The sunken ship itself has long since dissolved in the briny sea so an element of mystery surrounds what it was doing patrolling southwest England: possibly it belonged to north African pirates, perhaps a Dutch trader. What’s clear, though, is that relations between Britain and the Islamic world—mediated through the criss-crossing patterns of trade and diplomacy, as well as by war and conflict—have been significant for much longer than is often assumed.

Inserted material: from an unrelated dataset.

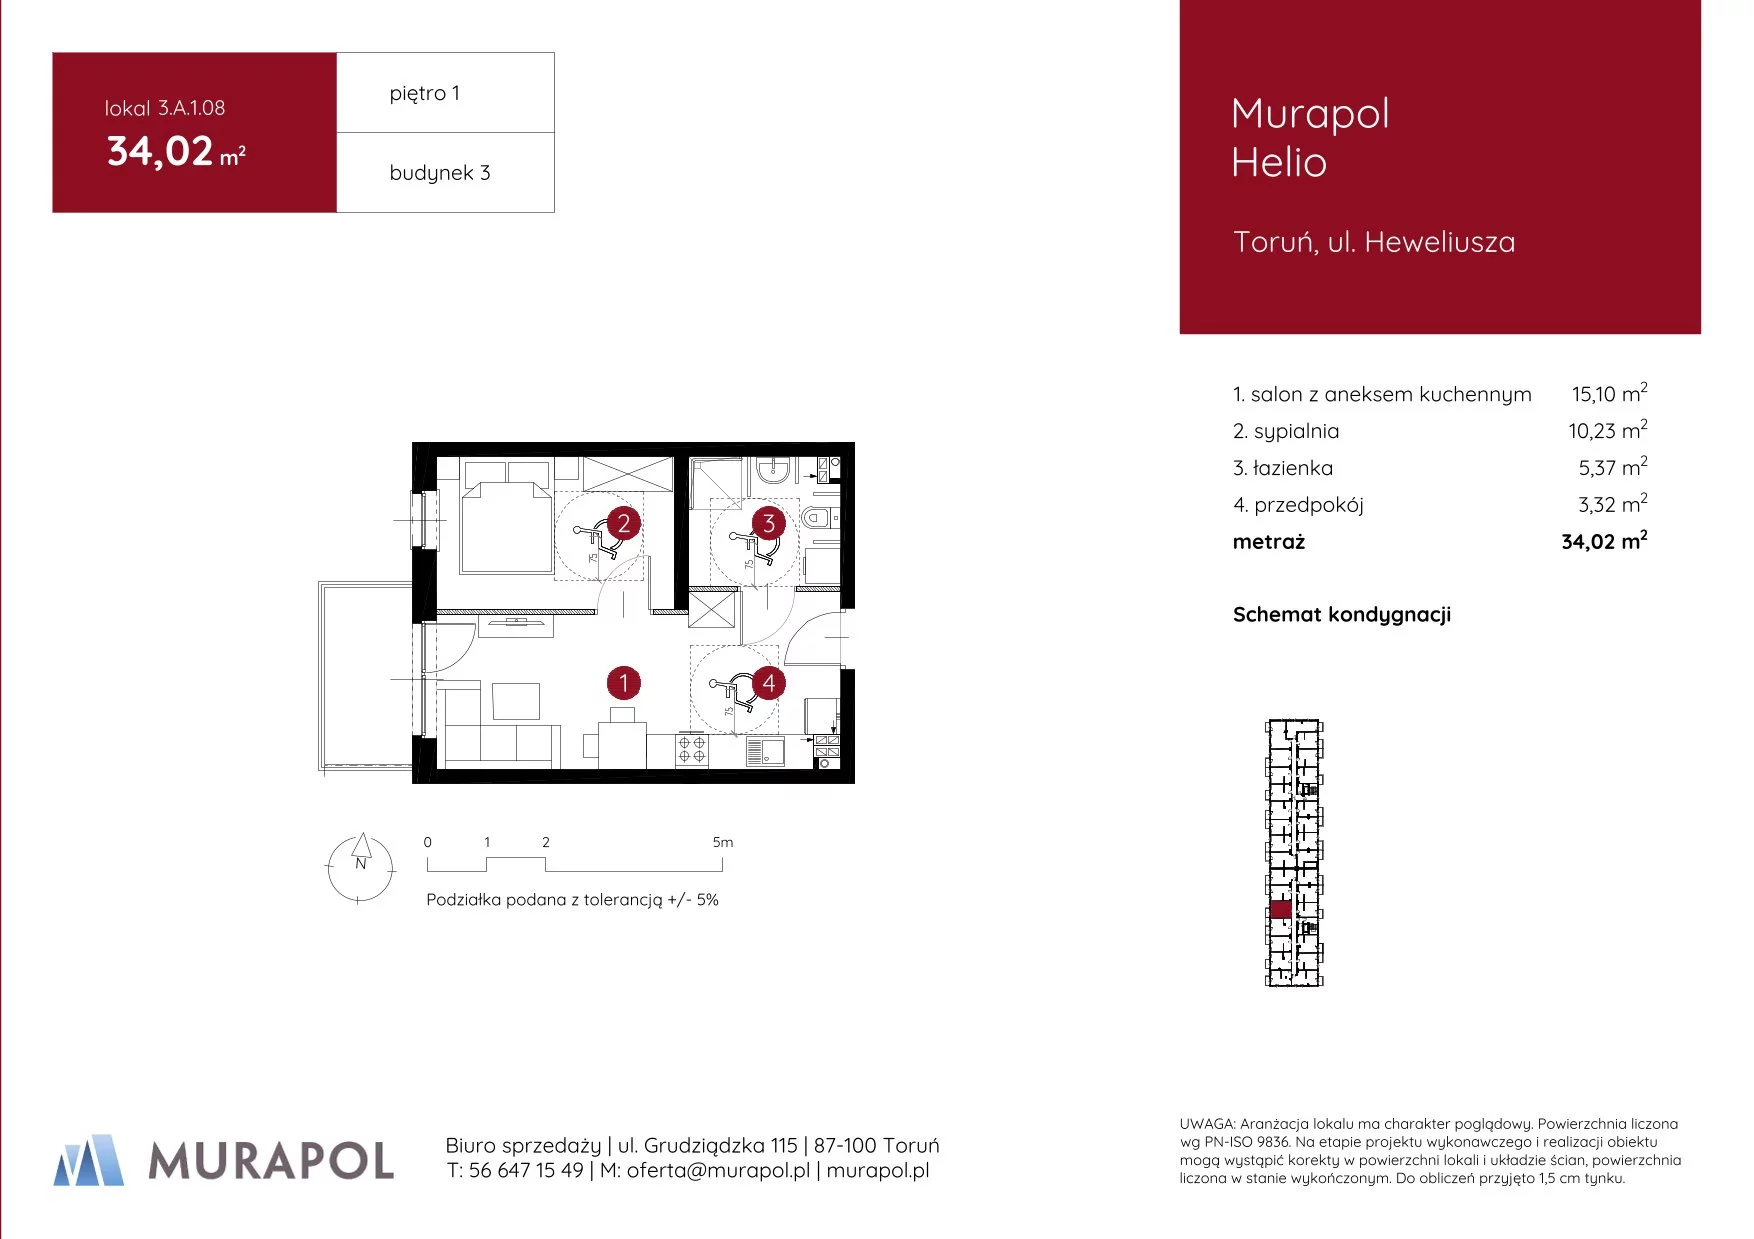 Mieszkanie 34,02 m², piętro 1, oferta nr 3.A.1.08, Murapol Helio, Toruń, Wrzosy, JAR, ul. Heweliusza

The Salcombe Bay hoard neatly symbolises what the new British Museum gallery of the Islamic world is trying to achieve. Rather than being presented as distant and aloof, the objects here have a meaningful story attached to them. The style is the same as A History of the World in 100 Objectsby Neil MacGregor, the previous head of the museum, under whose leadership the gallery was commissioned four years ago. The old John Addis gallery of Islamic art, hidden round the back like an afterthought, has been replaced with two larger rooms right at the centre of the building, linking medieval Britain and Renaissance Europe.

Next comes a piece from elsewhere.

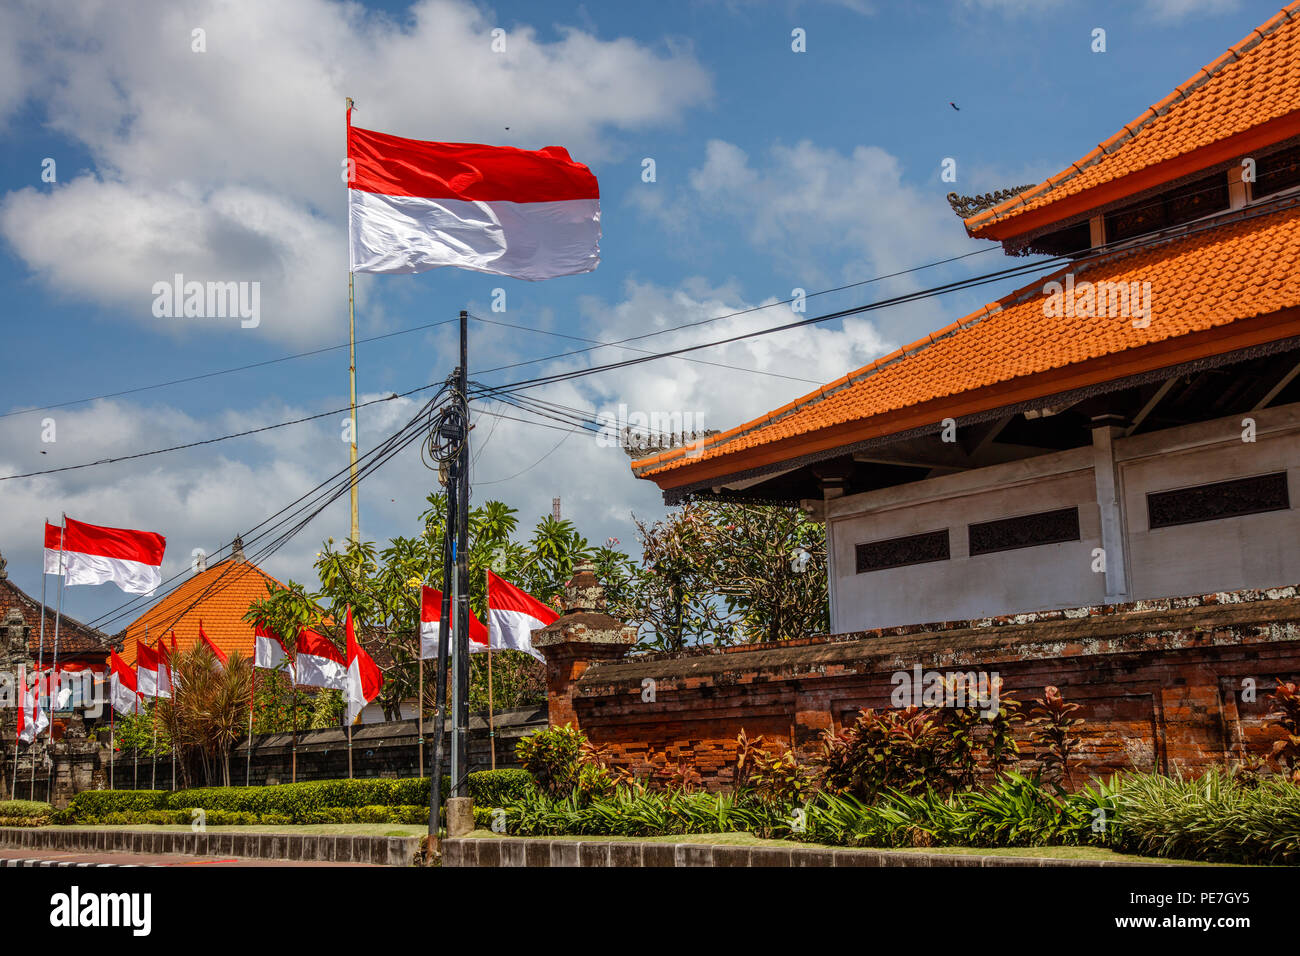 Les drapeaux sur les rues de Bali avant de célébration le jour de l'indépendance indonésienne. Bali, Indonésie Banque D'Images

Putting Islamic objects at the heart of the museum, rather than at the periphery, reflects recent research into the interweaving of what were once seen as distinct “civilisations.” (Compare Kenneth Clark’s 1969 television series, where the Islamic world was seen as a hostile threat, with the 2018 update which was more interested in how cultures overlapped.) It also surely speaks to the museum’s wish to educate the non-Muslim public about a religious culture that is poorly understood, to put it mildly; as well the need to draw in Britain’s nearly three million-strong Muslim population, who will see their stories reflected in the nation’s imaginative storehouse. Ambitiously, the new gallery attempts to address both audiences—and in doing so gloriously explodes some of the most venerable clichés about both Islamic art and peoples.

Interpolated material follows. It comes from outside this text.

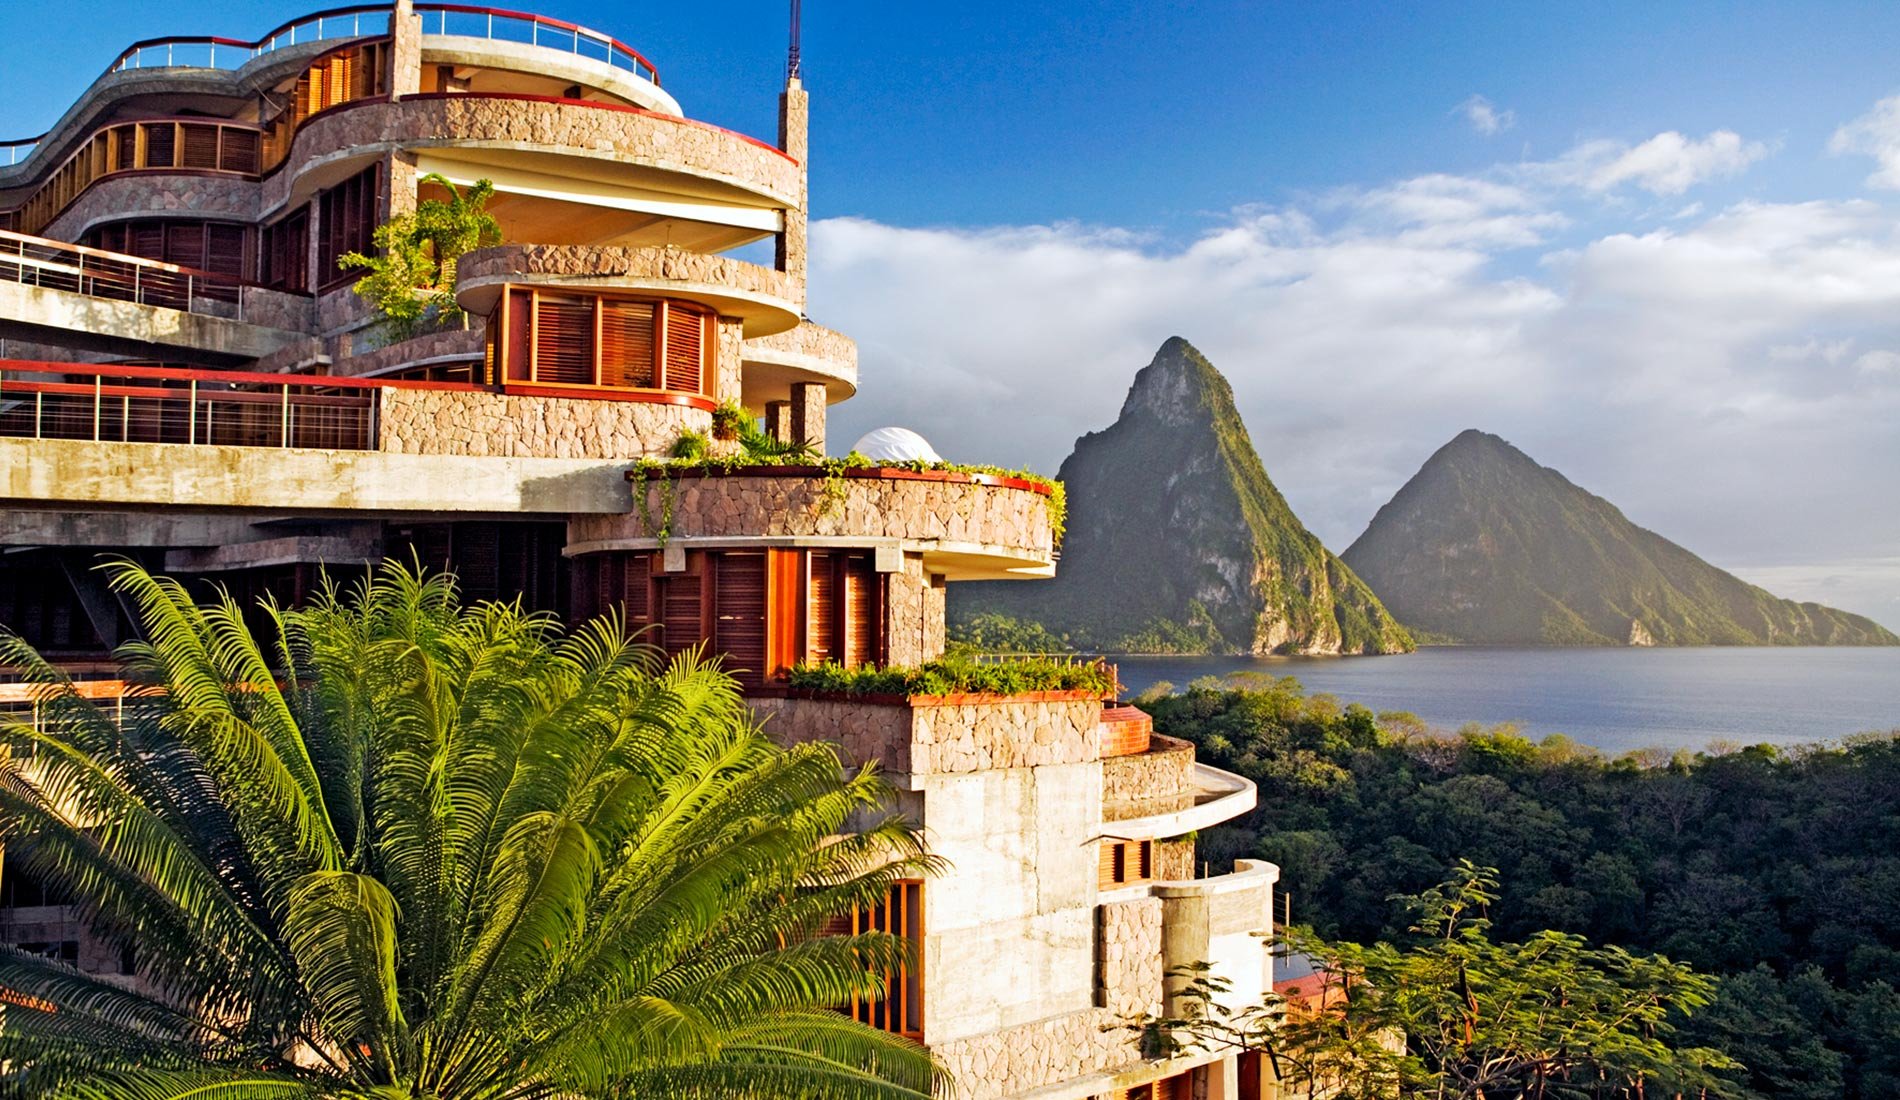 Hôtel de luxe Jade Mountain resort 5 étoiles Sainte-Lucie caraïbes vue paysage extérieur

The first cliché concerns what counts as an “Islamic” object. Naturally there are religious items here. As you enter, you are greeted by an austere ninth-century marble grave-panel from Egypt carved with a Quranic verse; nearby you can examine an unbound 19th-century west African Quran and its leather case. But the gallery stretches the definition of “Islamic” to encompass much more than faith. Anything made where a Muslim dynasty ruled or a substantial Muslim population lived counts as fair game. As Fahmida Suleman, one of the gallery’s lead curators, explained to me: “The whole point of the gallery, in a very open and subtle way, is to show that there isn’t one type of Islam, there isn’t one type of Muslim.”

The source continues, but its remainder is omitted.